Mistral AI 推出 Forge:面向企业的 AI 模型训练平台

Mistral AI lance Forge, plateforme d’entrainement de modèles IA pour les entreprises

Silicon.fr by Philippe Leroy 2026-03-19 16:07 Original
摘要
Mistral AI 在 Nvidia GTC 2026 上发布 Forge,这是一套面向企业的 AI 平台,帮助客户基于自有数据构建、微调和对齐专属模型,覆盖预训练、后训练和强化对齐等完整流程,并支持密集模型、MoE 及多模态输入。该平台采用“agent-first”设计,可由 Mistral Vibe 等自主代理自动执行微调、超参优化和合成数据生成,旨在让企业按现有业务流程定制模型,而非反过来适配通用模型。 Mistral 已与 ASML、爱立信、欧洲航天局、Reply 以及新加坡公共机构等合作,显示其正加速 B2B 战略布局,直接对标 OpenAI 和 Anthropic;同时,Forge 也强化了欧洲企业对数据与模型主权、减少对美国 AI 供应商依赖的诉求。

在企业级 AI 竞争加速之际,Mistral AI 推出 Forge,试图把“通用大模型”真正改造成“企业专用模型”。这项新平台在 Nvidia GTC 2026 上发布,核心目标是让企业基于自有专有数据,构建、训练并持续优化自己的 AI 模型,以强化其 B2B 战略,并正面迎战 OpenAI 和 Anthropic 等对手。

Forge 的出发点很明确:仅靠训练于公开网页数据的通用模型,无法满足大型组织高度场景化、强约束的需求。Mistral 认为,企业真正需要的是能够理解并吸收工程标准、合规政策、代码库、内部运营流程以及历史决策记录的模型,而这些内容通常不在传统训练语料中。Forge 因此覆盖模型全生命周期,包括基于企业私有语料的预训练、面向特定任务的后训练,以及通过强化对齐把内部规则和监管要求纳入模型行为。

平台的设计理念是“让模型适应企业工作流,而不是让企业迁就模型”。这一思路对业务部门和 IT/DSI 部门都具有吸引力:前者希望 AI 更贴近实际业务,后者则更关注可控性、合规性和系统集成。

技术上,Forge 采用“agent-first”定位,不是传统意义上给开发者补充一套工具,而是面向自主 AI 代理来运行。Mistral 举例称,像 Mistral Vibe 这样的代理可以自动发起 fine-tuning、优化超参数、调度训练任务,并生成合成数据来提升测试集表现,整个过程无需持续人工介入。平台还提供现成的“recipes”,用于数据准备和训练流水线,同时负责底层基础设施管理。Mistral 表示,企业甚至可以用自然语言描述个性化需求,由代理将意图自动转化为具体技术操作。

在模型架构支持上,Forge 同时兼容 dense 模型和 Mixture-of-Experts(MoE)架构,便于企业在性能、成本和运维约束之间做权衡;它也支持多模态输入,可覆盖文本、代码及其他类型内容。Forge 与 Mistral 现有模型体系 Small、Medium、Large 相衔接,企业可以直接以这些基础模型为起点,按自身业务环境进行精调。

Mistral 还披露,Forge 已经在与一批重量级客户合作,包括 ASML、Ericsson、欧洲航天局(ESA)、Reply,以及新加坡的公共机构 DSO National Laboratories 和 HTX。客户名单显示,Forge 的目标市场集中在技术密集、监管严格、对模型与数据控制要求极高的行业。

更深层看,Forge 也切中了欧洲企业对数字主权的焦虑。在越来越多欧洲大型企业希望降低对美国 AI 供应商依赖的背景下,Mistral 强调,Forge 允许客户保留模型和数据的完整所有权,这使其不仅是一款训练平台,也是一种面向企业主权与合规需求的战略工具。

Summary
Mistral AI has launched Forge, an enterprise AI platform unveiled at Nvidia GTC 2026 that lets companies build, fine-tune, and align their own models using proprietary data, covering the full lifecycle from pretraining to reinforcement-based compliance tuning. The agent-first platform, powered by autonomous tools like Mistral Vibe and supporting dense, MoE, and multimodal models, is aimed at large organizations such as ASML, Ericsson, and the European Space Agency, strengthening Mistral’s B2B push against OpenAI and Anthropic.

The race to win enterprise AI customers is intensifying, and Mistral AI is taking a new step with Forge, a platform designed to let companies build and fine-tune their own AI models using proprietary data. The launch was announced at Nvidia GTC 2026 and marks a notable move in Mistral’s B2B strategy as it competes with OpenAI and Anthropic.

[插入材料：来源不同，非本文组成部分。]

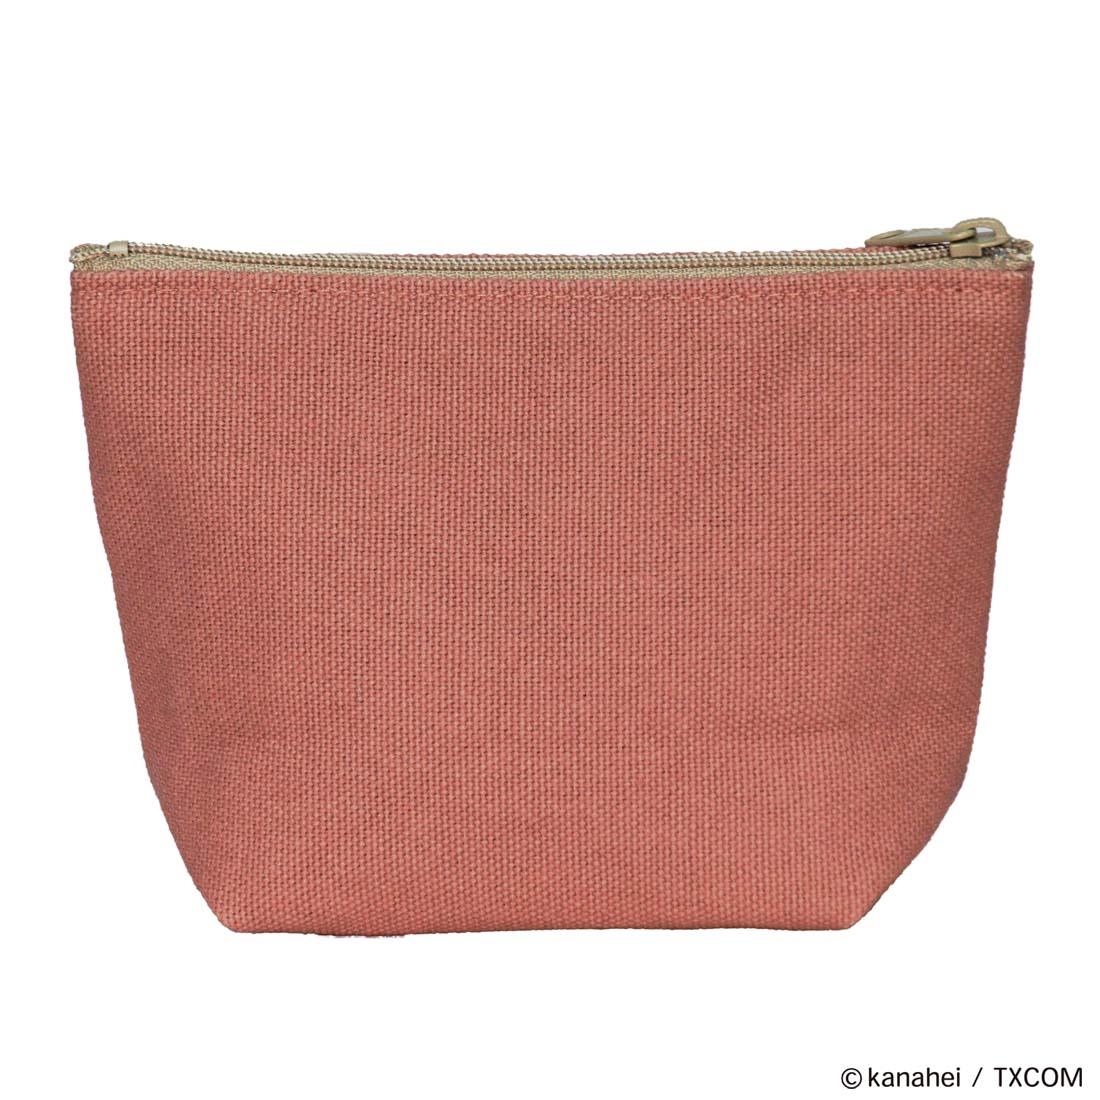 ピスケとうさぎ 相良(サガラ)刺繍ワッペン付き倉敷帆布ポーチ コーラルピンク

Forge is aimed at closing a persistent gap between IT departments and business teams. Mistral argues that general-purpose models trained on public web data are not enough for large organizations with highly specific needs. The platform is meant to incorporate engineering standards, compliance policies, codebases, operational processes and internal decision histories—elements typically absent from standard training corpora.

Technically, Forge covers the full model lifecycle: pre-training on proprietary datasets, post-training for specific tasks, and reinforcement-based alignment to internal rules and regulatory constraints. The guiding principle is to adapt models to existing enterprise workflows rather than forcing companies to change how they work, a shift that could appeal to both business leaders and CIOs.

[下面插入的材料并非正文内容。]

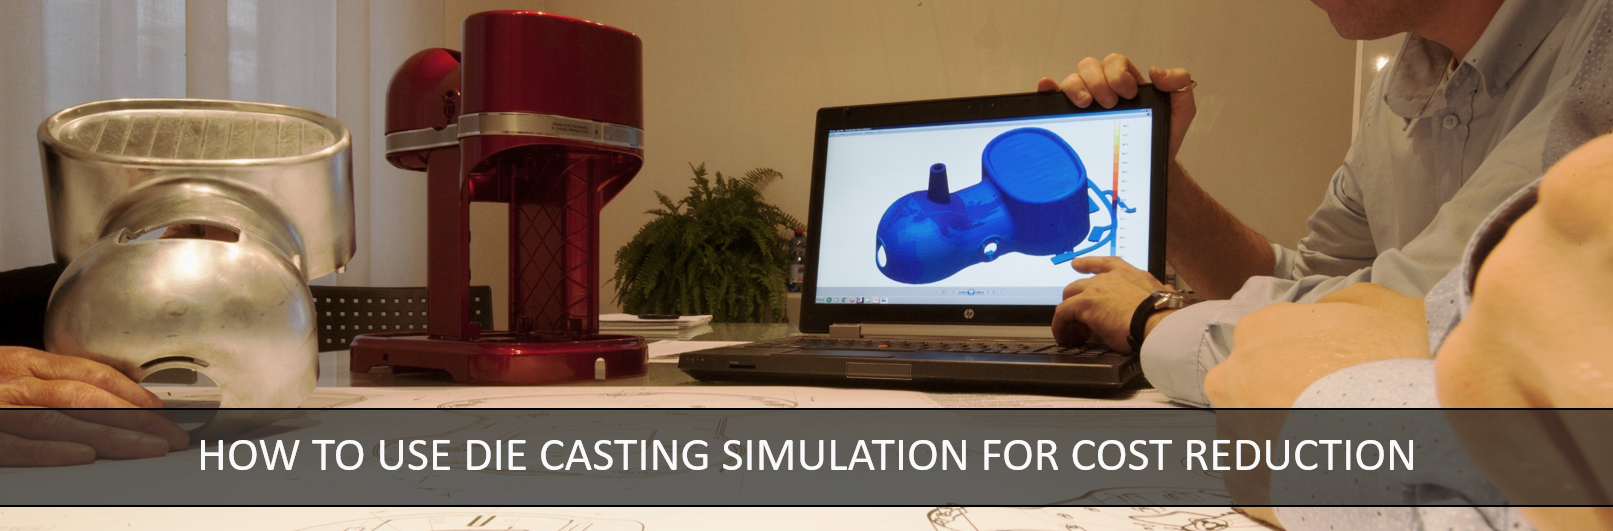 Simulation Die Casting

Mistral is also positioning Forge as an “agent-first” platform. Rather than acting as a simple developer tool, it is designed to be operated by autonomous AI agents. An agent such as Mistral Vibe can launch fine-tuning runs, optimize hyperparameters, schedule training jobs and generate synthetic data to improve benchmark performance, with no need for constant human intervention. Forge also includes ready-made “recipes” for data preparation and training pipelines, while handling the underlying infrastructure. Mistral says model customization can even be done in natural language, with the agent translating intent into technical operations.

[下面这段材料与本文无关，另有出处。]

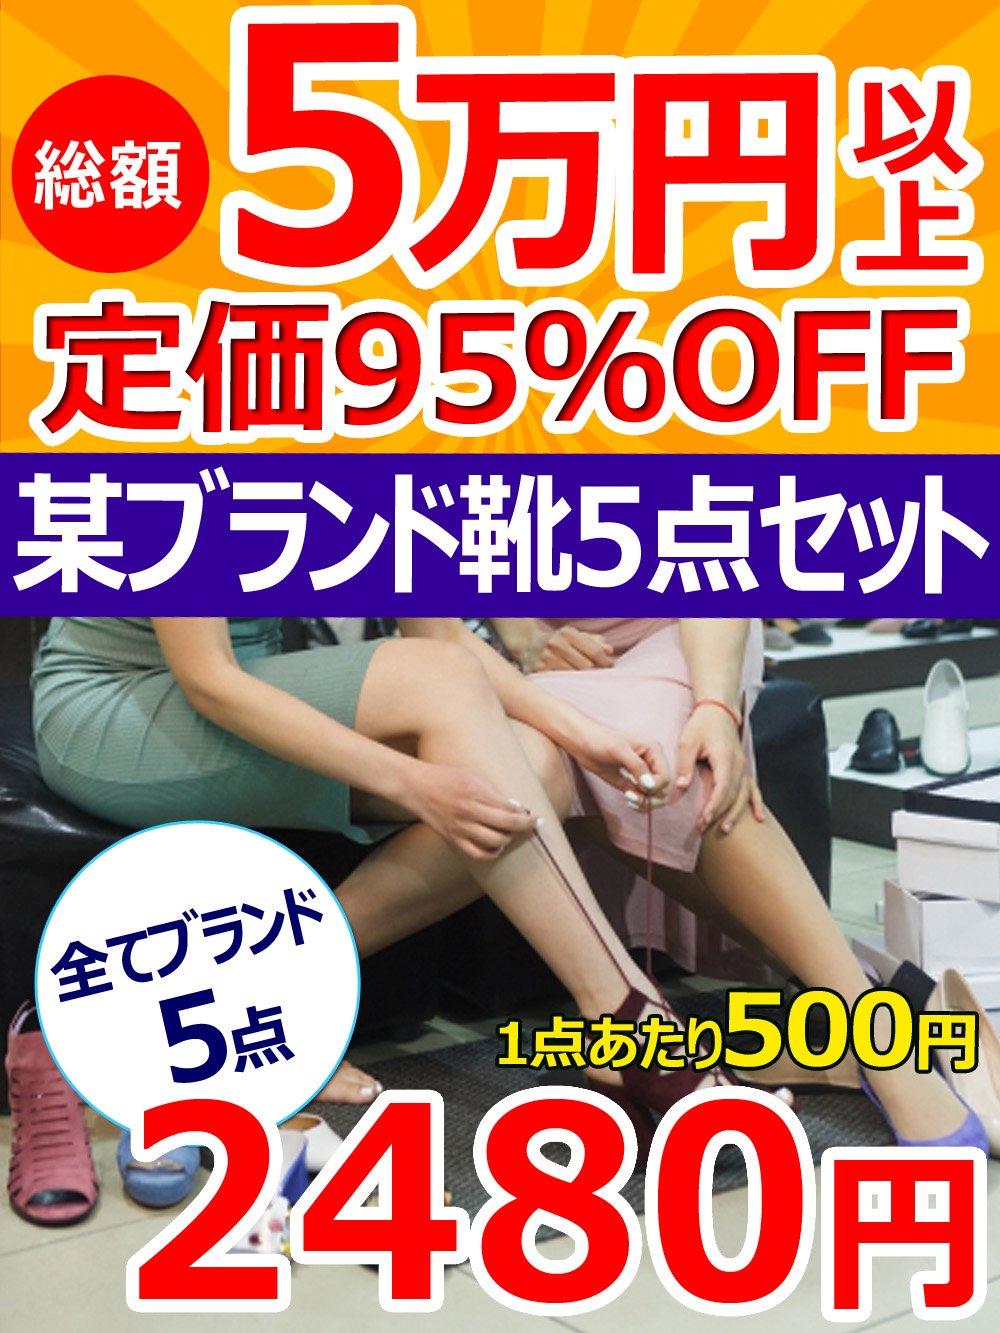 【総額5万円以上確定!!】定価95%OFF 某ブランド  靴 【5点】@500

On the technical side, Forge supports both dense architectures and Mixture-of-Experts (MoE) models, giving enterprises flexibility to balance performance, cost and operational constraints. It also handles multimodal inputs, enabling use cases that combine text, code and other content types. The platform extends Mistral’s existing model lineup—Small, Medium and Large—by using those base models as starting points for adaptation to specific business environments.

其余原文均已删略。